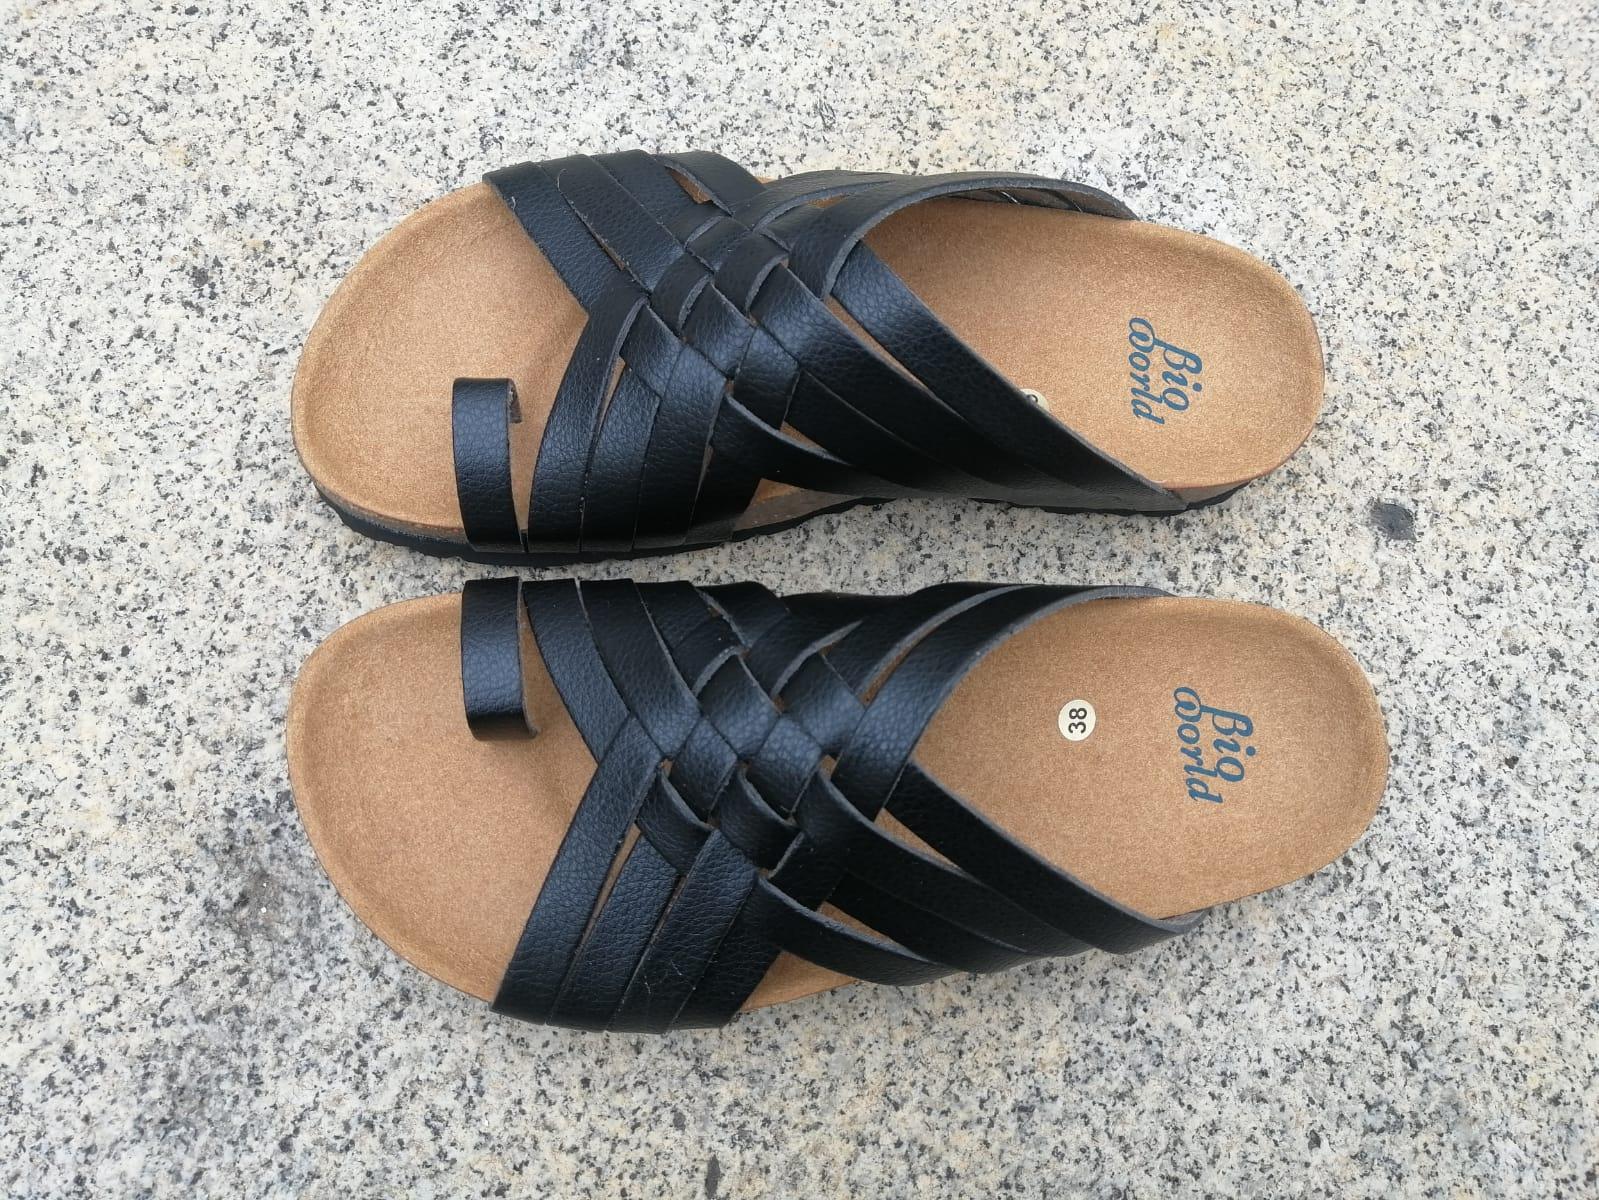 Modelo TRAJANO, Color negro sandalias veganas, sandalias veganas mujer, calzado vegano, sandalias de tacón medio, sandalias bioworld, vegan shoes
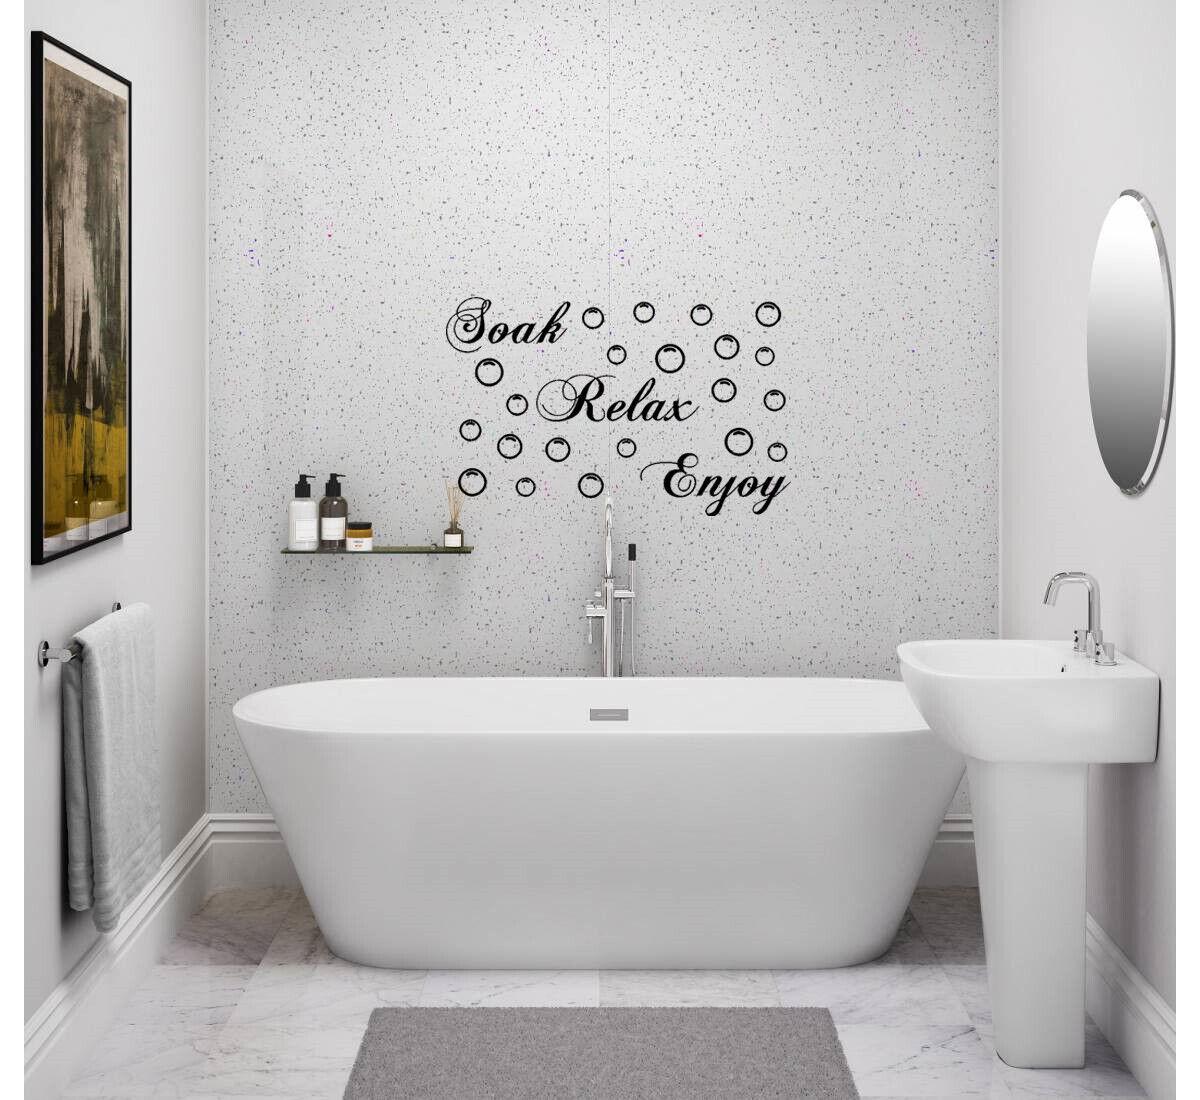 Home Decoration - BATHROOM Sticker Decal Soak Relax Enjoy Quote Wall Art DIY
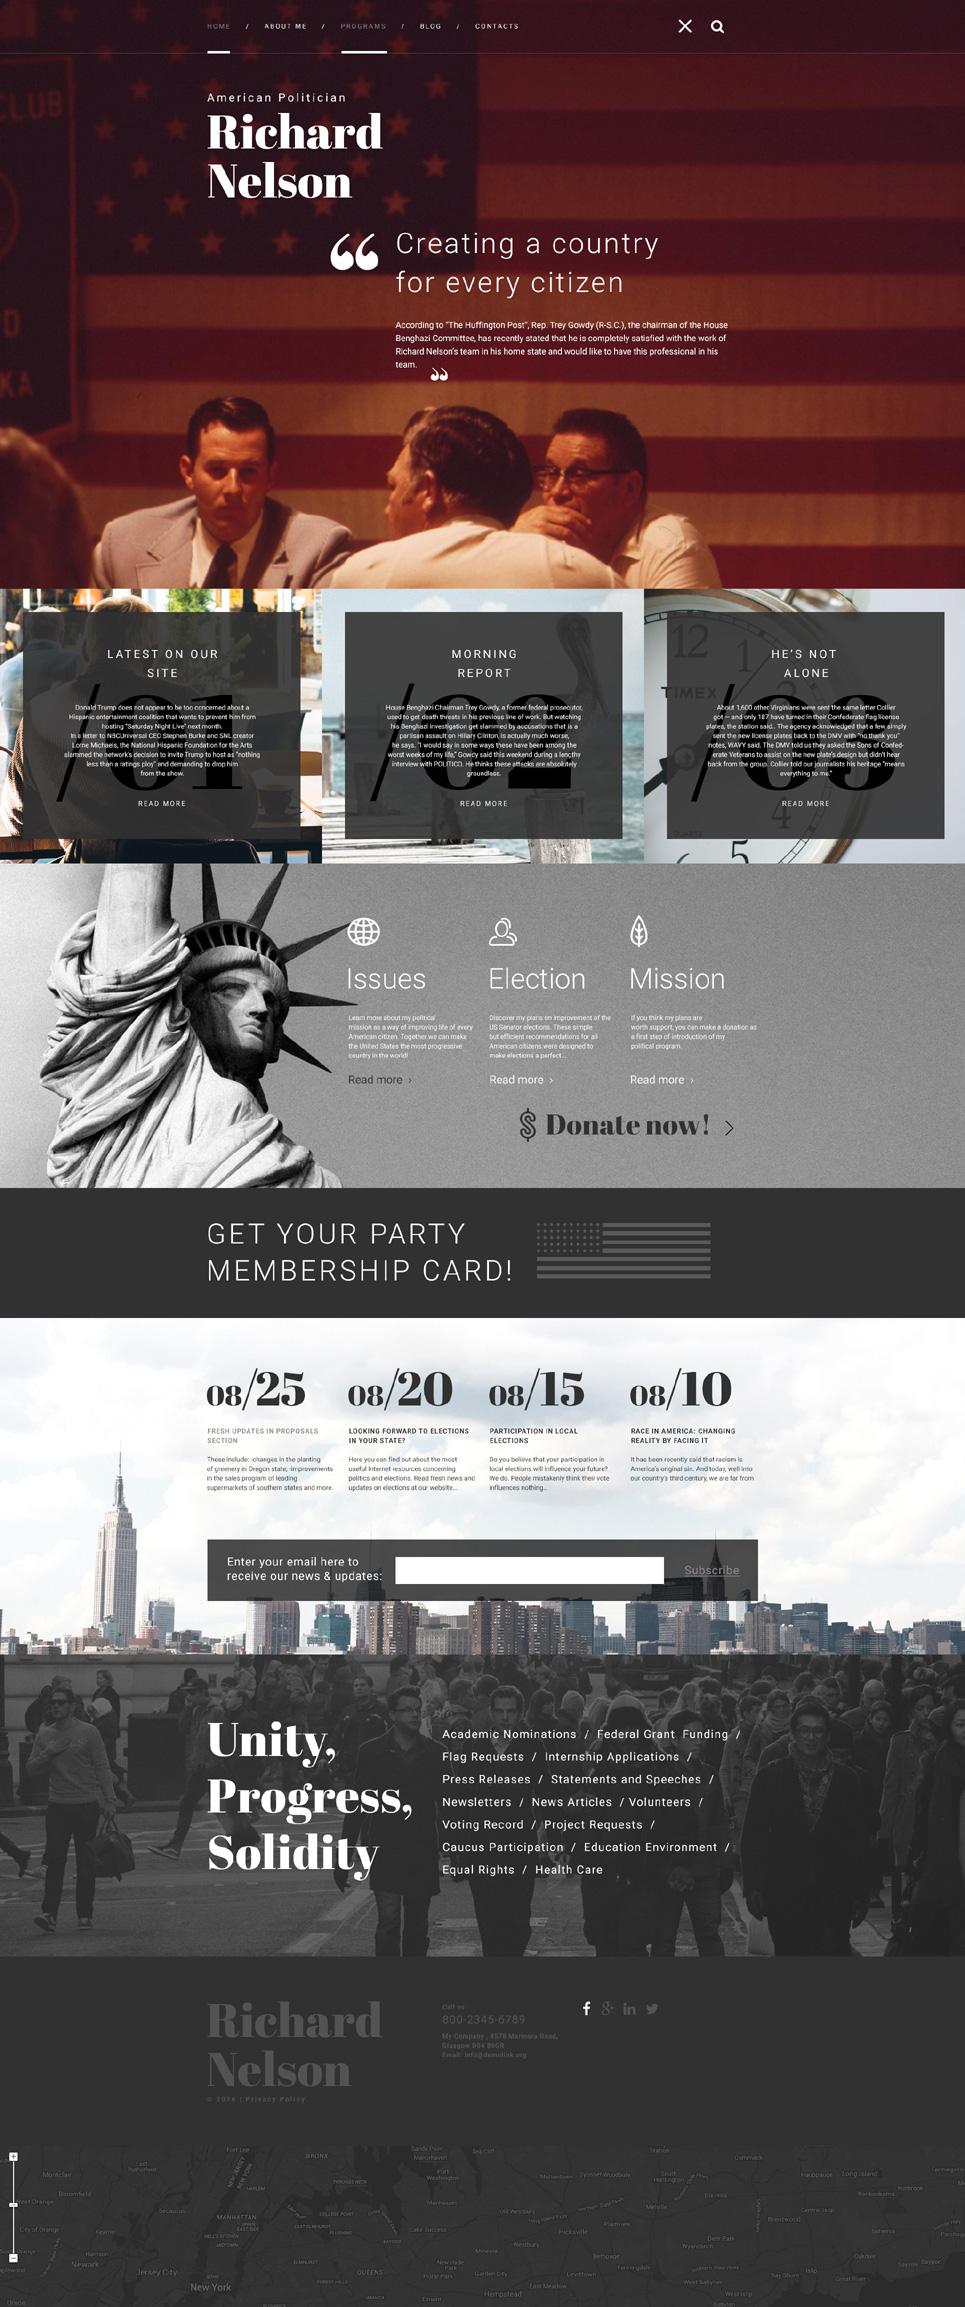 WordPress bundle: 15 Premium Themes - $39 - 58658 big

◆ Task to complete
Copy the listing in full and without alteration, omitting every picture.

◆ Exercise answer
 Modelo TRAJANO, Color negro sandalias veganas, sandalias veganas mujer, calzado vegano, sandalias de tacón medio, sandalias bioworld, vegan shoes
 Home Decoration - BATHROOM Sticker Decal Soak Relax Enjoy Quote Wall Art DIY
 WordPress bundle: 15 Premium Themes - $39 - 58658 big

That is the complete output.